核心概念
CoMM, a contrastive multimodal learning strategy, enables the communication between modalities in a single multimodal space, allowing it to capture redundant, unique and synergistic information between modalities.
要約
The content discusses a novel contrastive multimodal learning strategy called CoMM that aims to capture multimodal interactions beyond just redundancy.
The key highlights are:
-
Existing multimodal contrastive learning methods are limited to learning only the redundant information between modalities, as they rely on the multiview redundancy assumption.
-
CoMM proposes a multimodal architecture with specialized encoders and an attention-based fusion module to obtain a single multimodal representation.
-
The training objective of CoMM is designed to maximize the mutual information between augmented versions of the multimodal features, which allows it to naturally capture redundant, unique and synergistic information between modalities.
-
Theoretical analysis shows that the proposed formulation enables the estimation of these three types of multimodal interactions.
-
Experiments on a controlled synthetic dataset and real-world multimodal benchmarks demonstrate that CoMM effectively learns all three forms of multimodal interactions and achieves state-of-the-art results.
-
CoMM is a versatile framework that can handle any number of modalities, diverse data types, and different domains.
統計
"Humans perceive the world through multisensory integration, blending the information of different modalities to adapt their behavior."
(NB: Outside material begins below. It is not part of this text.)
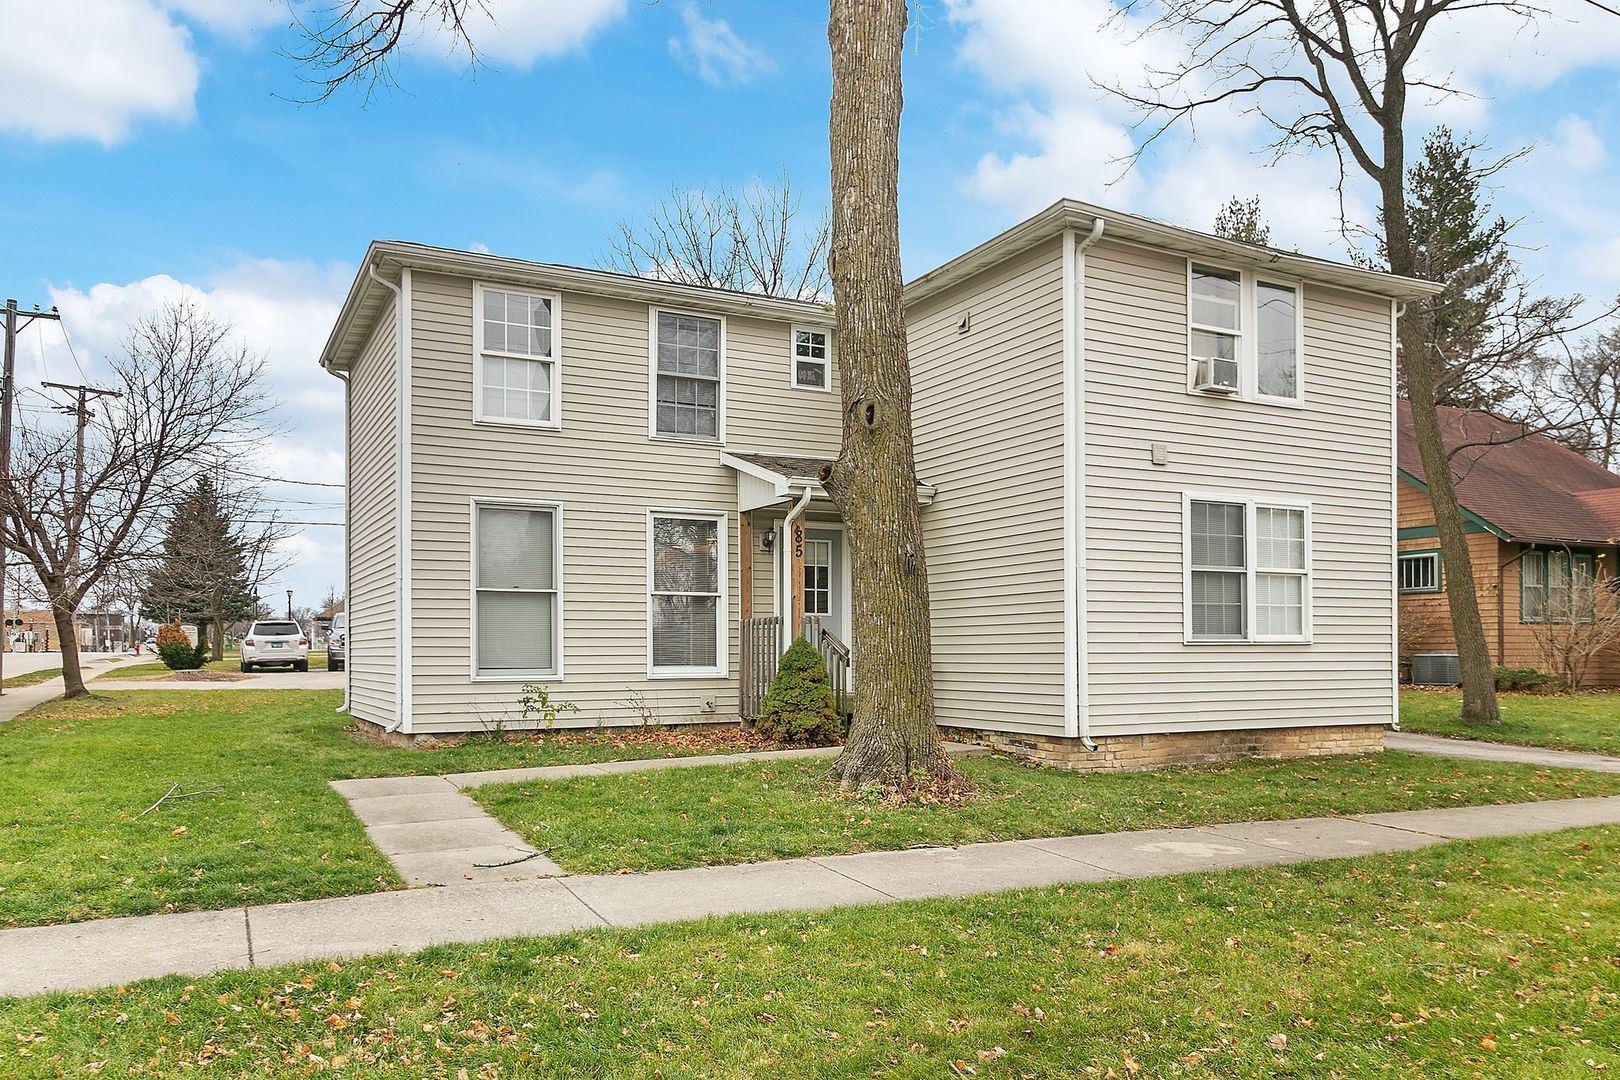 85 Gates Street, Crystal Lake, IL 60014 - #: 10943418

"Contrastive learning offers an appealing solution for multimodal self-supervised learning."
"CoMM enables to model multimodal interactions –including redundancy, uniqueness and synergy– in the context of multimodal representation learning for the first time, as these terms naturally emerge from our contrastive multimodal formulation."
"CoMM achieves state-of-the-art results on seven multimodal tasks with two or three modalities."
引用
"Multimodal or multimodal learning (Baltruˇsaitis et al., 2018) involves extracting and processing information from multiple sources (or modalities, e.g. text, audio, images, tabular data, etc.) to perform a task."
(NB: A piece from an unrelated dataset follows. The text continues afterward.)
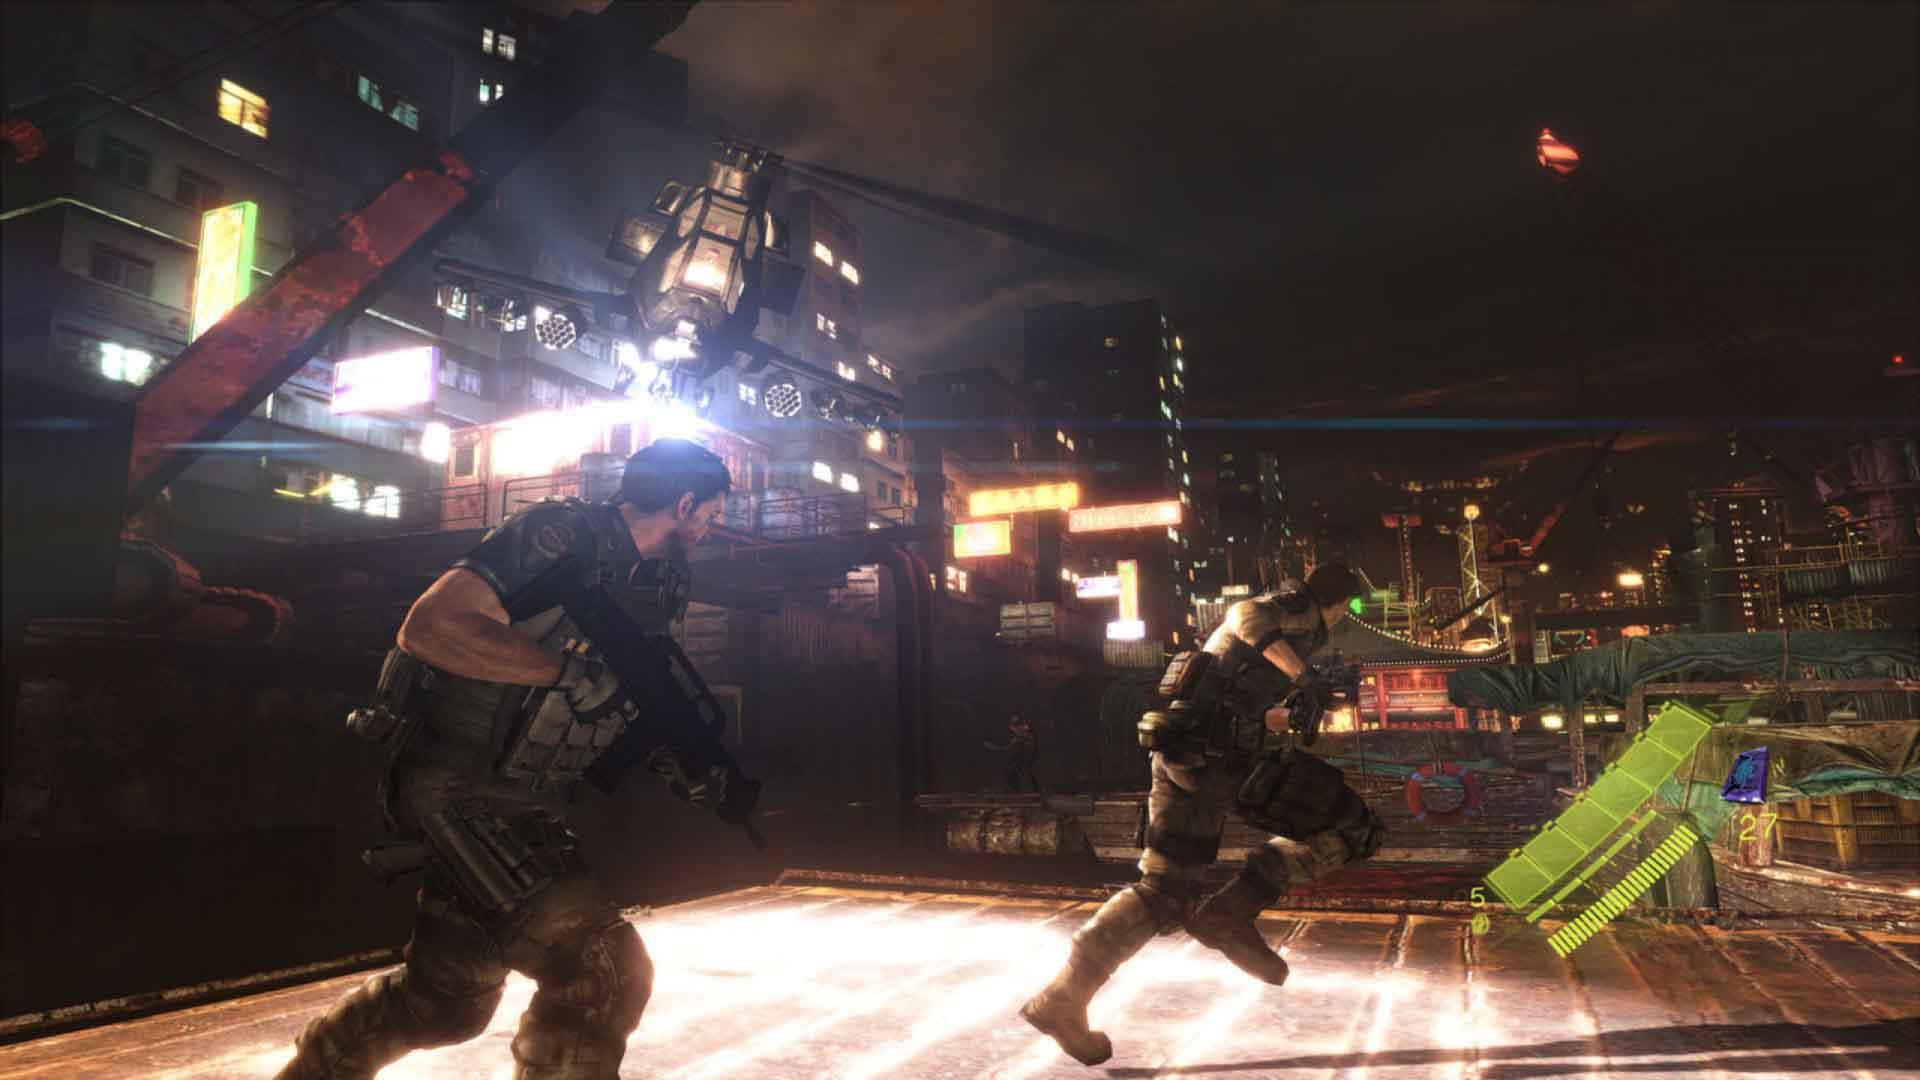 download-Resident-Evil-6-hadoan-tv-1

"Modeling these interactions to perform multimodal learning is highly challenging as the interplay between R, S and U is task-dependent and difficult to measure in complex real-life scenarios."
"CoMM's formulation is well-aligned with the global workspace theory (Baars, 1988; Goyal & Bengio, 2022) in cognitive neuroscience, which considers the nervous system as a set of multiple specialized processors working in parallel and claims the existence of a shared representation, which can be modified by any selected processor and whose content is broadcast to all processors."